Data to examine =>
——————————

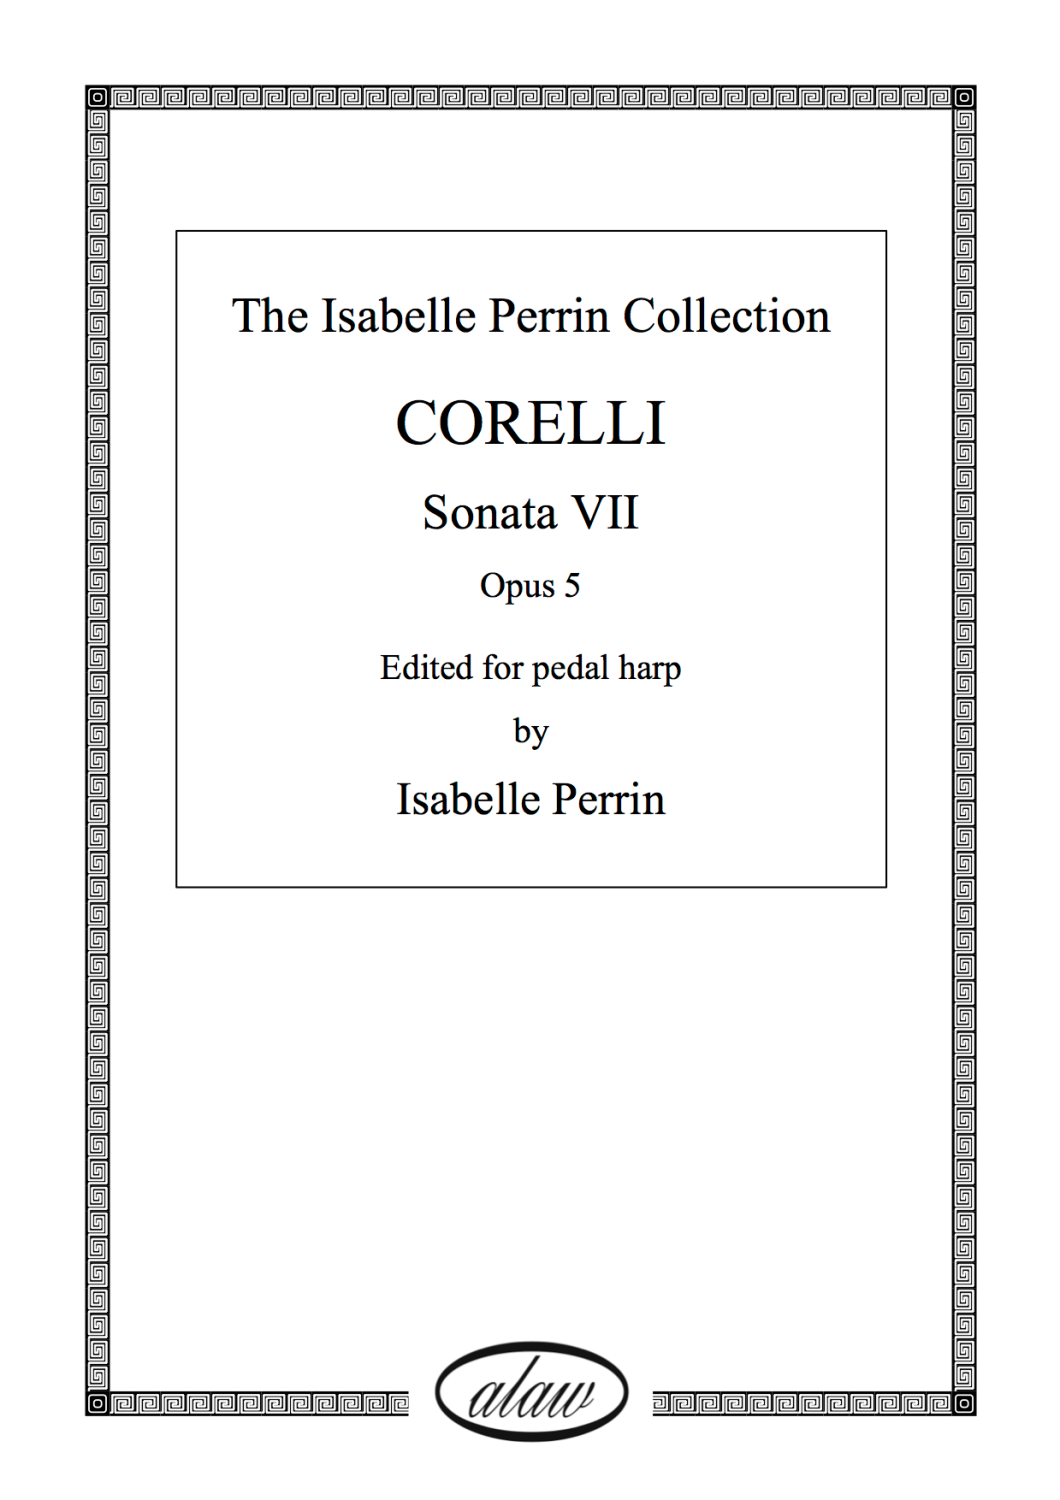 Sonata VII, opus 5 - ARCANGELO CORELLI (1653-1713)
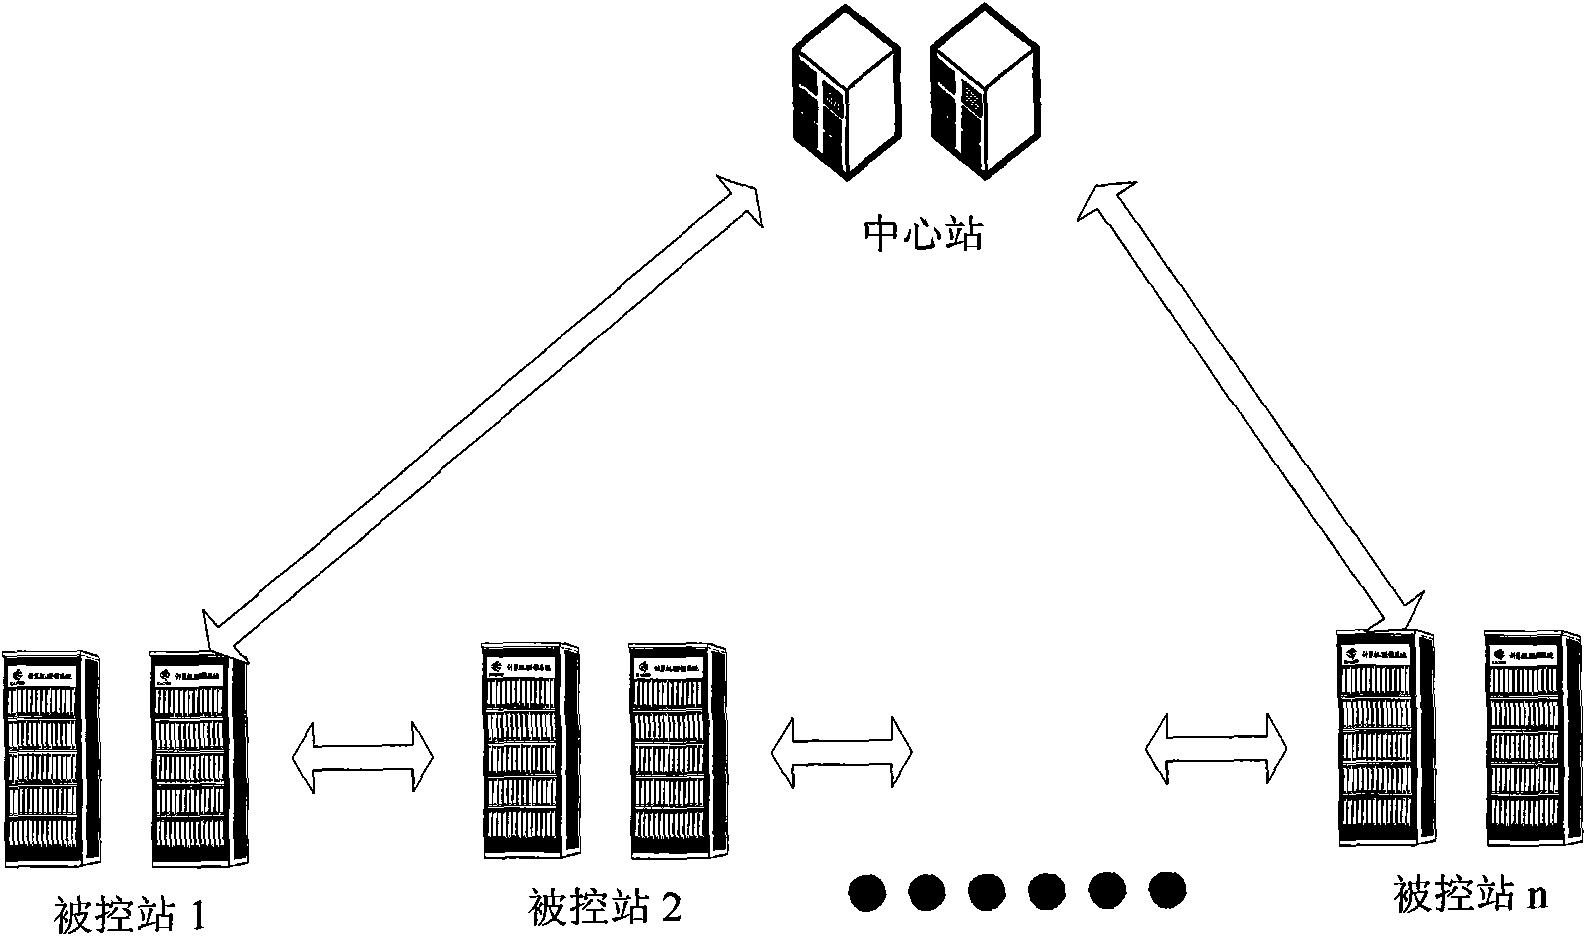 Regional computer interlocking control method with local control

——————————

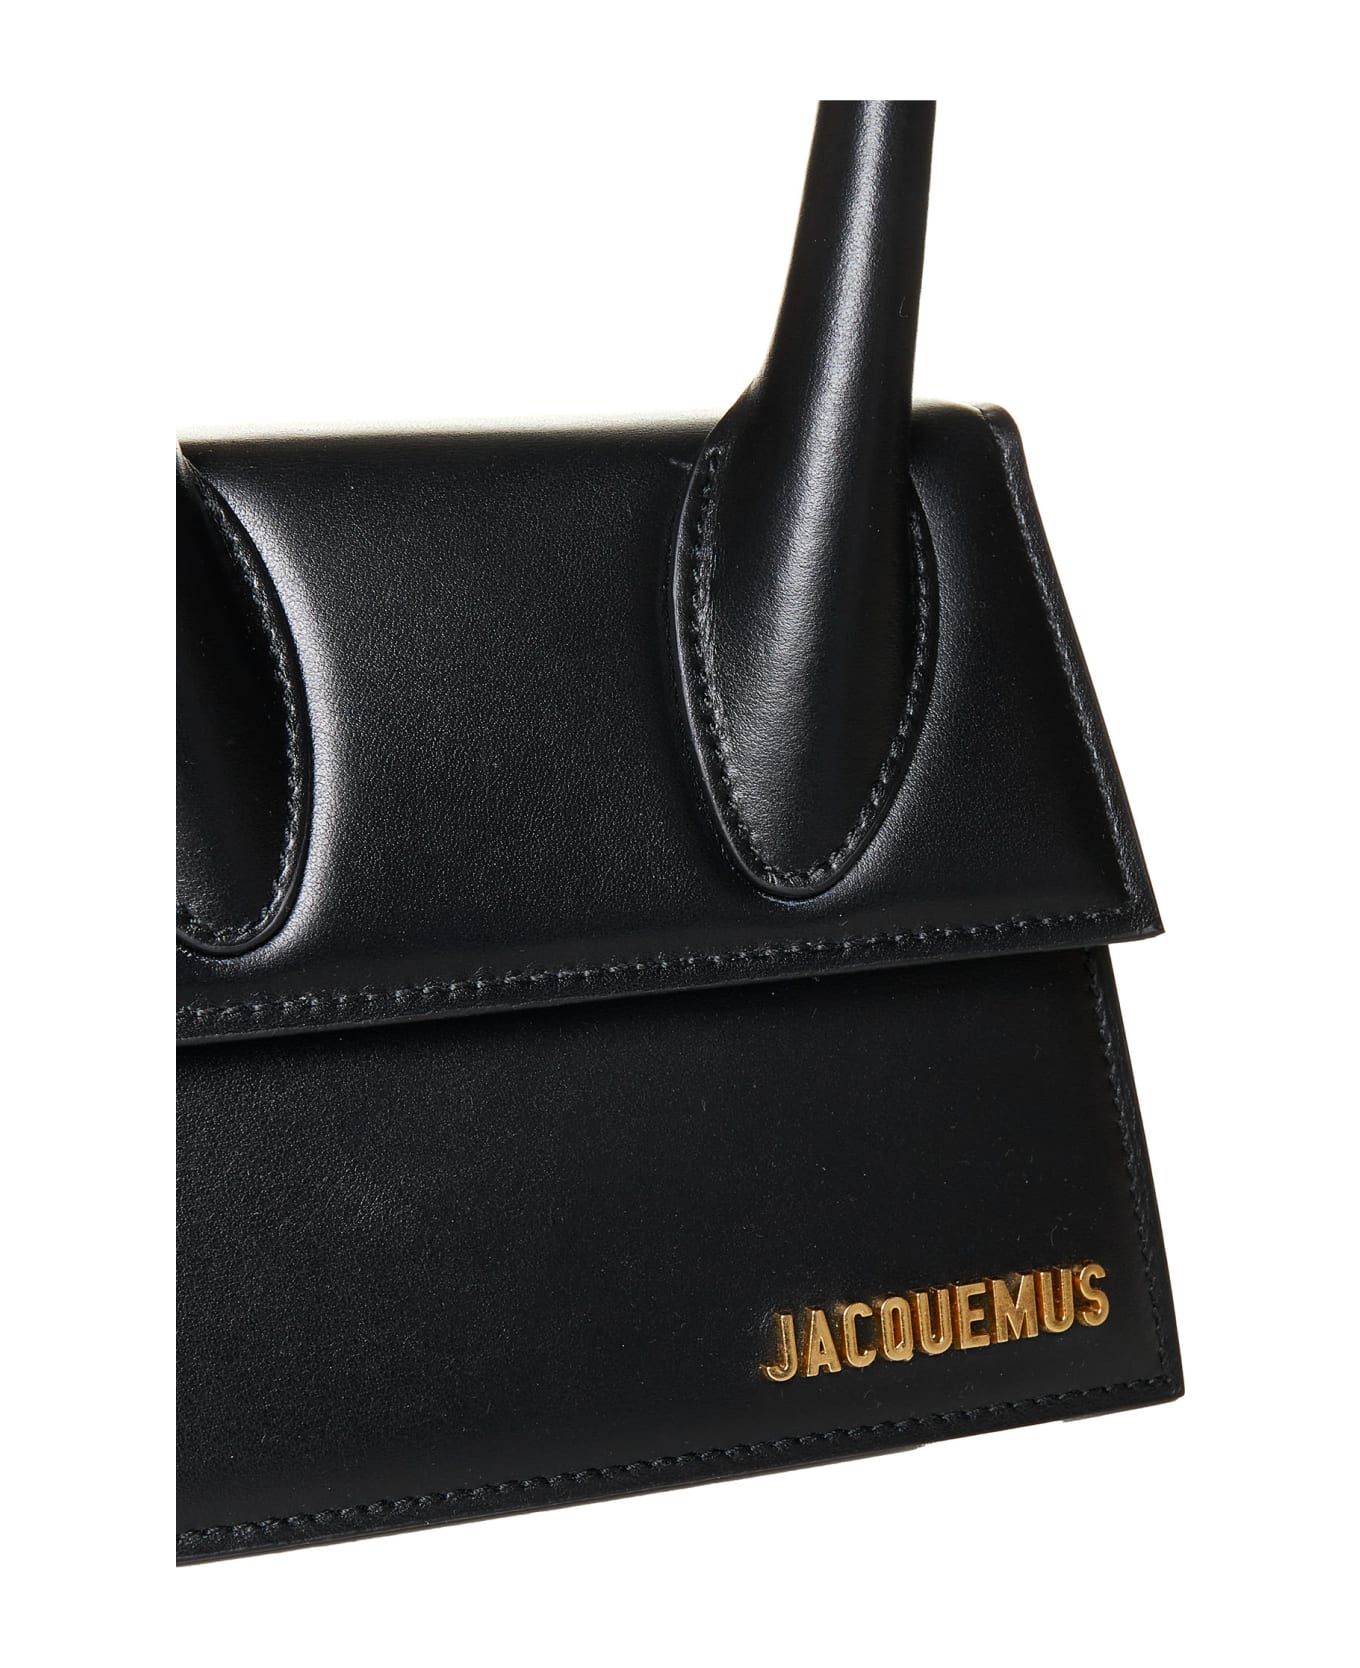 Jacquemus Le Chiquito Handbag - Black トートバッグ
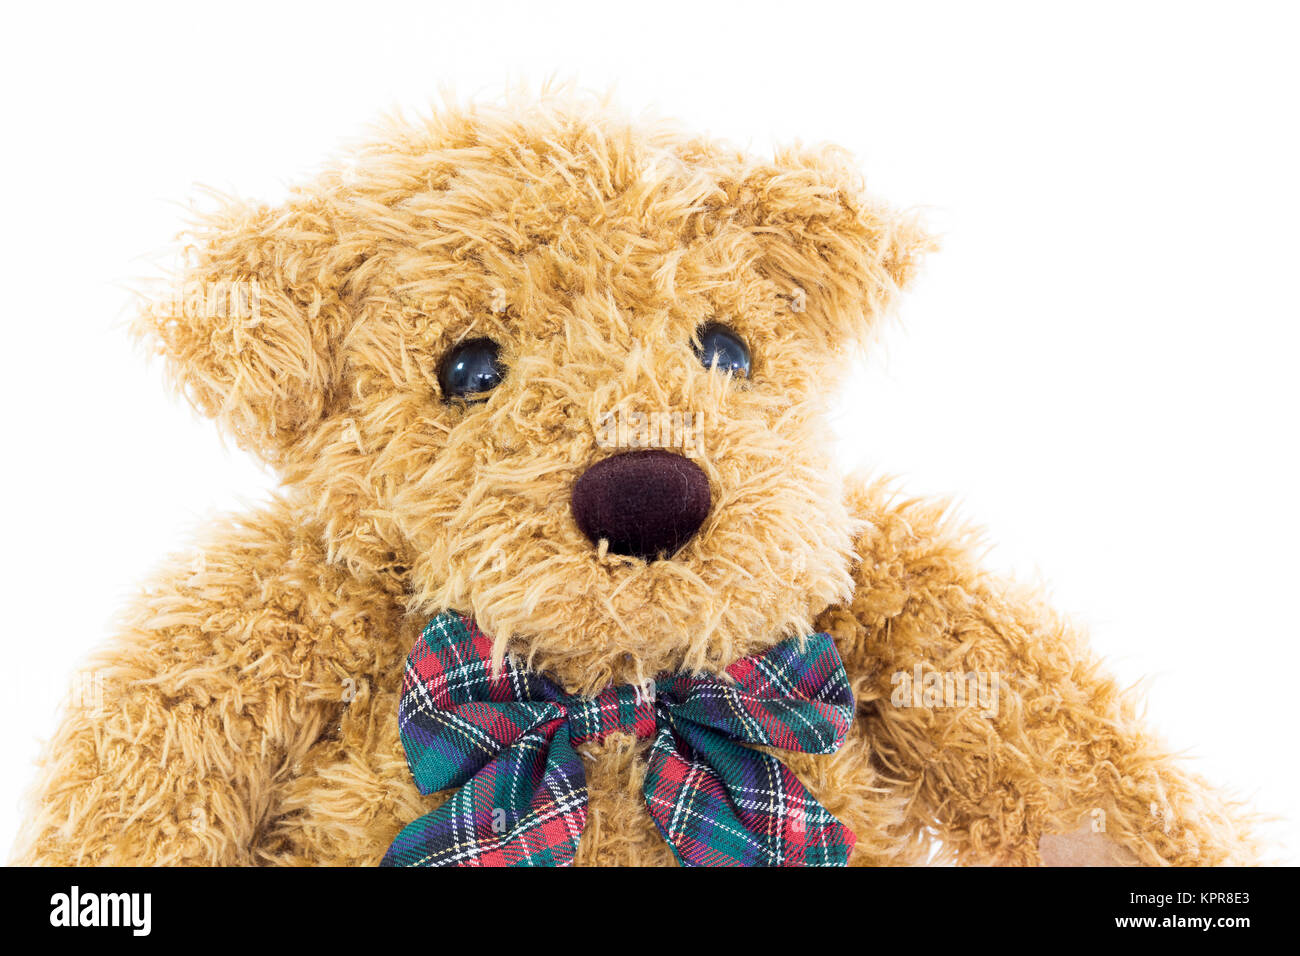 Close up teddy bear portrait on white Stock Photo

——————————

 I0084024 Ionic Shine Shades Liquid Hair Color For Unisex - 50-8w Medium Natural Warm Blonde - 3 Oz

——————————

What is needed =>
The stretch above running from the line with "Sonata VII, opus" through the line with "Regional computer interlocking" is all you should copy, exactly, leaving out the pictures.

Response box =>
 Sonata VII, opus 5 - ARCANGELO CORELLI (1653-1713)
 Regional computer interlocking control method with local control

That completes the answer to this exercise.